Misschien klopt het beeld zelfs wel. In ieder geval leeft het bij de meerderheid van de wereldbevolking al probeert men her en der verzet te ontwikkelen. En het is de moeite waard te bedenken welke de consequenties van deze situatie zijn.
Een eerste vraag die ik mij stel luidt: waarom zijn de Verenigde Naties niet de wereldstaat waaraan ook de VS onderworpen zijn? Waarom, met andere woorden, moet Amerika de rol van wereldstaat spelen? Omdat het nu eenmaal de veruit machtigste staat is, is het gangbare antwoord. Ik wil niet bestrijden dat de VS feitelijk zoveel macht hebben, maar ik blijf zitten met de vraag of het daardoor een staat, en nog wel de wereldstaat kan zijn. Daarvoor is immers niet alleen feitelijke macht, maar meer nog een legitimatie nodig, een acceptering als zodanig door de “onderzaten”. Zo die ontbreekt heeft Amerika alleen maar de positie van hegemoon, van enige supermacht (met de nadruk op “macht”), en een hegemoon kan niet rechtsgeldig heersen. Hij kan geen algemeen geldige wetten maken. Hij kan dus het leven van de wereldgemeenschap niet rechtsgeldig regelen. Behalve zoals een roversbende, zoals al Augustinus van Hippo schreef, en daar zitten we niet op te wachten, want de ene roversbende brengt de andere voort en daarmee een toestand van oorlog.

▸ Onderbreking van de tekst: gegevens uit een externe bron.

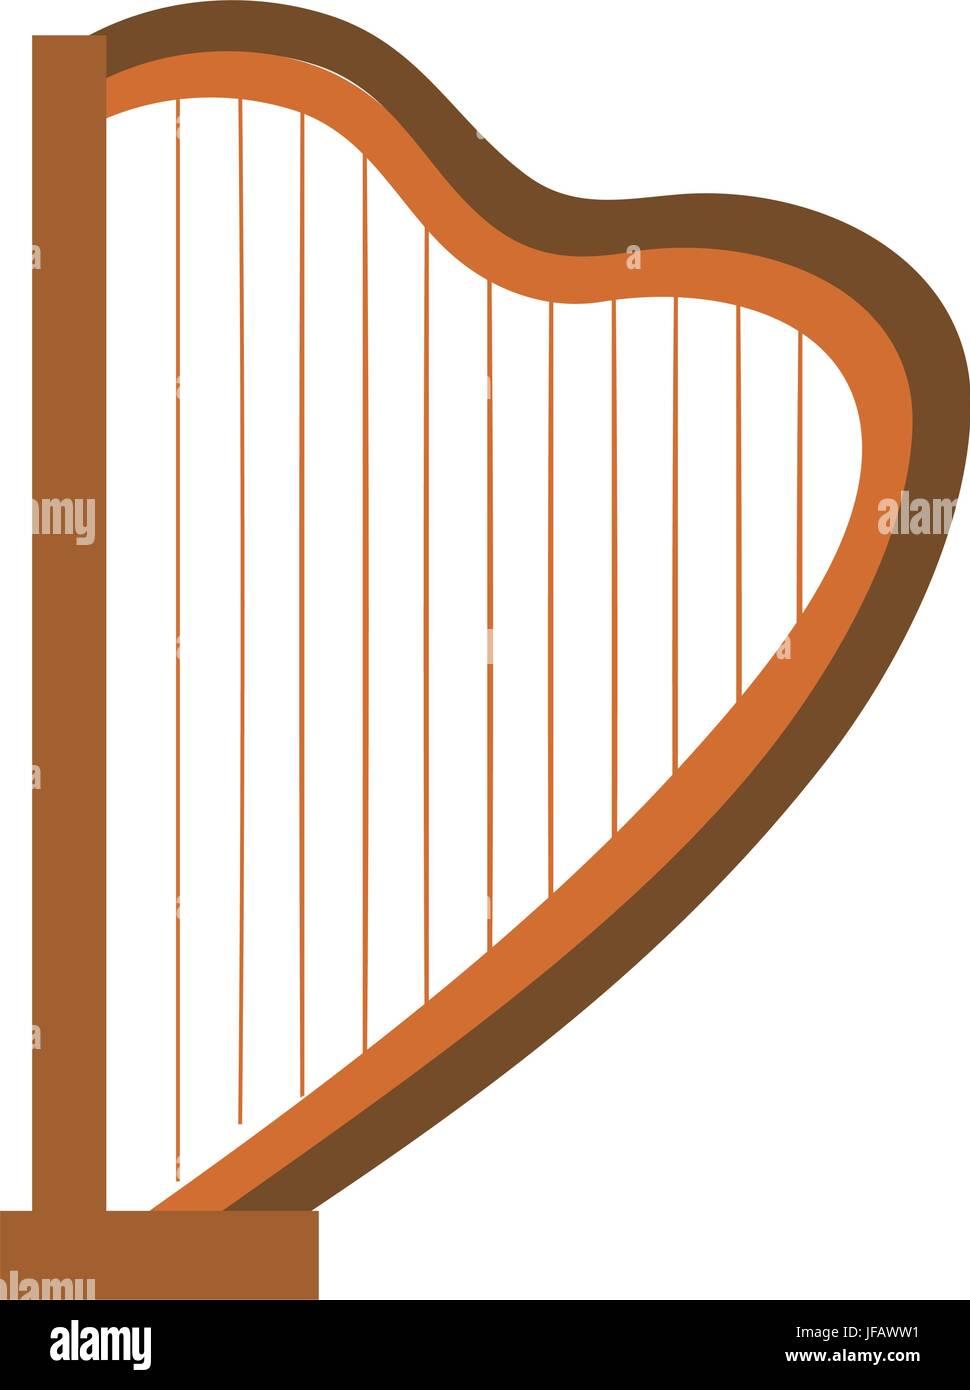 harp musical instrument icon vector illustration design - Stock Vector

Waarom dus, als dat allemaal zo belangrijk is, zijn de Verenigde Naties niet de wereldregering? Ook hier lijkt het antwoord eenvoudig: omdat zij niet effectief genoeg zijn, omdat zij bepaalde problemen niet kunnen aanpakken. Doordat de VN een verzameling van soevereine staten is, moet er over het tot stand brengen van regelingen overeenstemming bestaan en daaraan hapert het nogal eens. Dat kan in een gegeven geval een van twee gevolgen hebben: ofwel de te regelen zaak blijft ongeregeld ofwel een individuele staat neemt de taak van de VN op zich en
“regelt” de kwestie. Dat zien wij tegenwoordig de Verenigde Staten nogal eens doen, niet altijd op een behoorlijke manier. Conclusie: de Verenigde Naties zijn niet geconstrueerd als een wereldstaat.
De Verenigde Staten zijn dat evenmin. “Supermacht” is een abstractie. Supermacht in wat? Militair, ja, maar zelfs op dat punt getuigen de blunders in het Midden Oosten niet bepaald van superieure strategie. Bedoeld is dus meestal: supermacht qua militaire hardware. En voor mijn part ook nog technologische hardware in het algemeen. Waar het echter om gaat is niet het bezit van deze spullen, maar de wijsheid om ze te gebruiken.
En dat is precies wat mij opvalt in het boek van Nasr: die wijsheid is gebrekkig. Prachtige voorbeelden leveren de gesprekken die Holbrooke, aan wiens optreden het boek is gewijd, voert met een drietal middenoosten-politici. Stuk voor stuk raden zij de VS groots opgezet militair optreden af en stuk voor stuk baseren zij zich op een veel beter inzicht in de gemeenschappen in het midden oosten en stuk voor stuk hebben zij gelijk gekregen. Dat betere inzicht was een gevolg van het behoren tot die gemeenschappen, iets dat de vreemdeling, i.c. de VS, niet kon - en kan - hebben.
Het probleem waar wij nu mee zitten is dat er bij alle globalisering een fatsoenlijke wereldregering ontbreekt. Dat is al meer dan een eeuw zo, al sinds de oprichting van de Wereldpostorganisatie. Er is een tijd geweest dat men dacht zo’n wereldstaat te kunnen construeren. De Volkenbond was het eerste exemplaar. Was dat een stap in de richting van de wereldstaat en een wereldregering? Velen hadden die illusie. Er ontbraken nog een aantal handtekeningen aan de oprichtingsacte, onder andere van de VS waarvan de president het idee sterk had gesteund, maar die zouden nog wel komen. Eenmaal zo’n instituut gecreëerd zijnde zou het zijn nut vanzelf bewijzen en daardoor ook de twijfelaars over de streep halen. Men weet hoe het gegaan is.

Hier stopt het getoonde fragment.